Preheat the oven to 325°F or 160°C . Bake for 10 to 12 minutes. Remove from oven and let cool for 5 minutes before moving them to a cooling rack.
Gluten-free, dairy-free peanut butter cookies with only 4-5 ingredients. Wow! These cookies are amazingly good. I love the salt and sweet combination. If you don’t like the salt, leave it out. My daughter, Megan, made these and the grandkids loved them, as did the adults.
Salted Peanut Butter Cookies
1 3/4 cups packed light brown sugar
2 large eggs, at room temperature
1/2 teaspoon vanilla extract
1 3/4 cups smooth peanut butter (see note at end)
Coarse-grained sea salt, to finish
Preheat the oven to 350°F. Line a rimmed sheet pan with parchment paper.
In a medium bowl, vigorously whisk together the light brown sugar and eggs until incorporated. Whisk in the vanilla extract. Add the peanut butter and mix with a spatula until smooth and completely incorporated, and until no ribbons of peanut butter can be seen. You know the dough is ready when it has the consistency of Play-Doh.
Using a scoop or a spoon, form the dough into 12 approximately 2-inch (2- to 2 1/4-ounce) balls and place them on the prepared rimmed sheet pan. For smaller cookies, use a heaping tablespoon.
Sprinkle the dough balls lightly with coarse-grained sea salt just before baking. Bake for 20 to 22 minutes, turning the rimmed sheet pan once halfway through baking (for smaller cookies, bake for 16 to 18 minutes). When finished, the cookies will be lightly golden and cracked on top. Let cool completely before serving.
You can bake these cookies as soon as the dough is prepared, but they will retain their shape better if you freeze them for 15 minutes before baking.
Chef’s Tip: While the all-natural stuff works just fine, Skippy is our peanut butter brand of choice for this recipe as we’ve found it retains the dough shape best. These tasty cookies are gluten-free!

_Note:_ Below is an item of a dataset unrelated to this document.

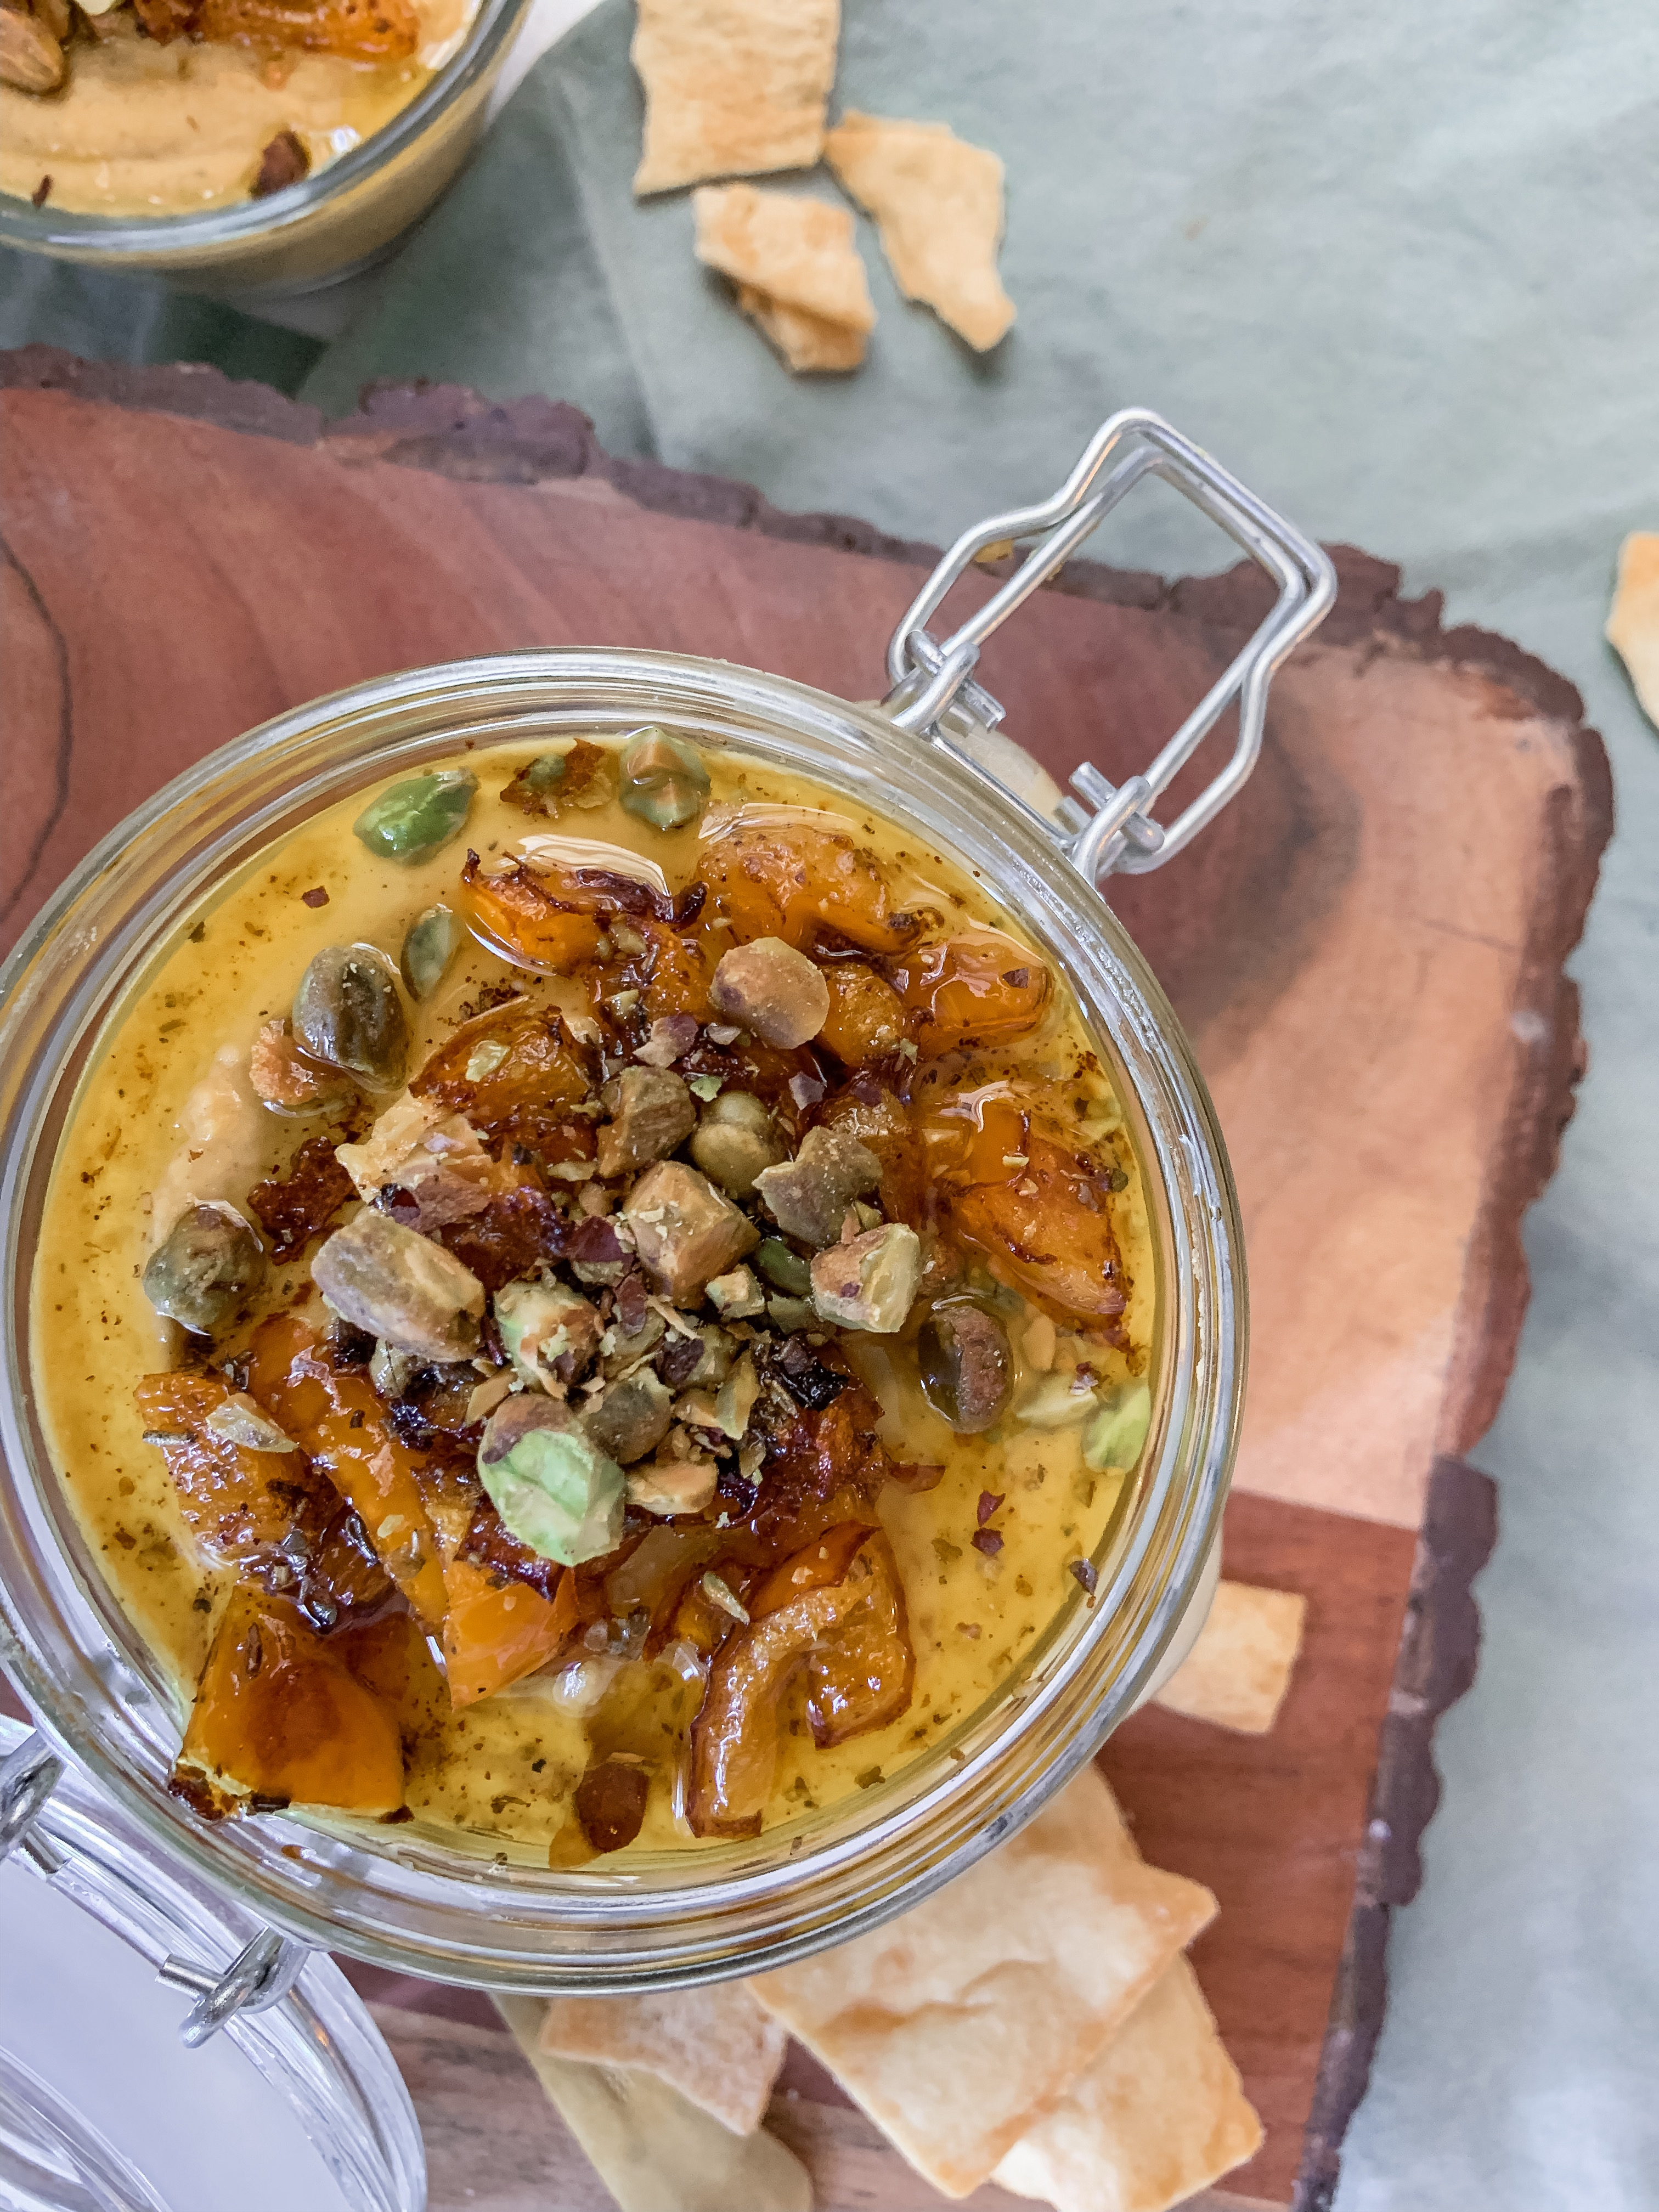 Easy to make Garbanzo Bean Hummus!

Dan sent the recipe for these delicious cookies to daughter, Megan, and we loved them! They are chewy and ‘healthy’ or so we told ourselves. It’s wonderful to share our recipes with family and friends! Thanks, Dan!
Dan’s Oatmeal Cookies
1 pound margarine
2 cups brown sugar (packed)
1 cup white sugar
2 teaspoons vanilla
3 cups flour
2 teaspoons baking soda
1 teaspoon cinnamon
6 cups uncooked oatmeal
2 teaspoons salt
8 oz. walnuts (optional)
6 oz. dried cranberries or cherries (optional)
Preheat oven to 350 degrees. Line cookie sheet with parchment paper.
Cream margarine and sugar. Add eggs and vanilla. Beat well.
Combine all dry ingredients. Add dry ingredients to wet mixture.
Drop cookies onto cookie sheets and bake until golden brown.